Because I was 39 when I started chemotherapy, the “chemopause” (chemically induced menopause) was assumed to be permanent. Both my oncologist and my gynecologist told me the chances of me having another period were very slim.
Last March while the kids and I were visiting Todd over spring break, I started menstruating. The presence of a period meant my ovaries had started producing estrogen again. This is totally unacceptable because my cancer was highly estrogen positive – meaning the tumor was fed by estrogen. So I underwent six monthly injections of a hormone suppressor (Zoladex). The purpose of this injection was to make my ovaries “shrivel and die”.
Hot flashes, night sweats and the lack of Aunt Flow indicated the mission had been accomplished. Until yesterday. Apparently I’m just so much woman that the only way to stop the madness is to yank those puppies out.
Todd had observed just the other day that I hadn’t had a hot flash in a few weeks, but I just attributed it to surgery and blessed narcotics.
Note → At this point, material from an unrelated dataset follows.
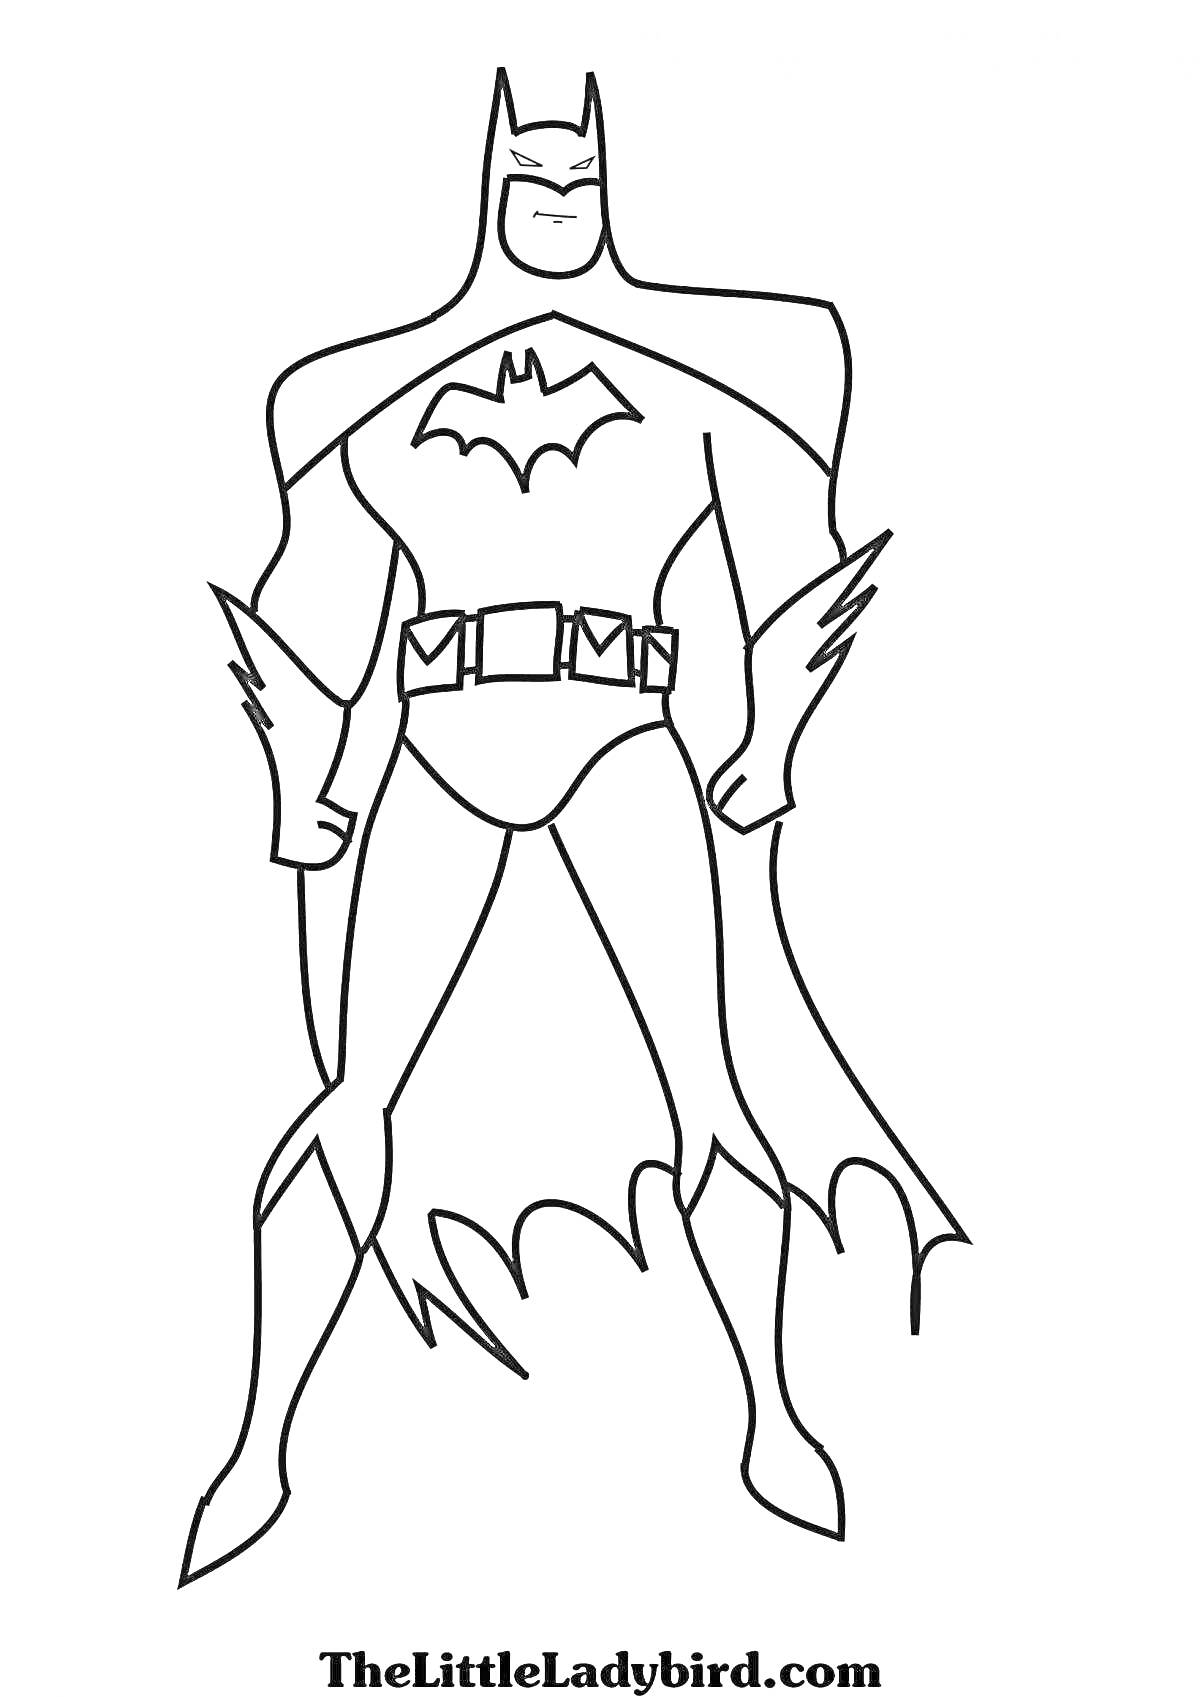 Раскраска Бэтмен в классическом костюме с логотипом летучей мыши, плащом и поясом

I’m not much of a crier, however, I’ve been incredibly weepy of late. I even got all choked up during a “Dream Girls” commercial. Why? There was nothing terribly moving about the commercial. Maybe I was crying because I want to look like Beyonce. I don’t know.
What I do know is this means a hysterectomy at some point in the very near future. Yup. Another surgery. How lucky can a girl get??
I started reading The Book of Seven Delights by Betina Krahn yesterday. I’m intrigued by the fact that it takes place in Morocco at the turn of the 20th century – not an oft written about time period or place. I also love her style. Her Test series is among my favorites and the one other BK book I’ve read, The Perfect Mistress, was just so funny. I have the next book in this series, The Book of True Desires, and I understand from Tara that it’s an unusual setting and great read as well.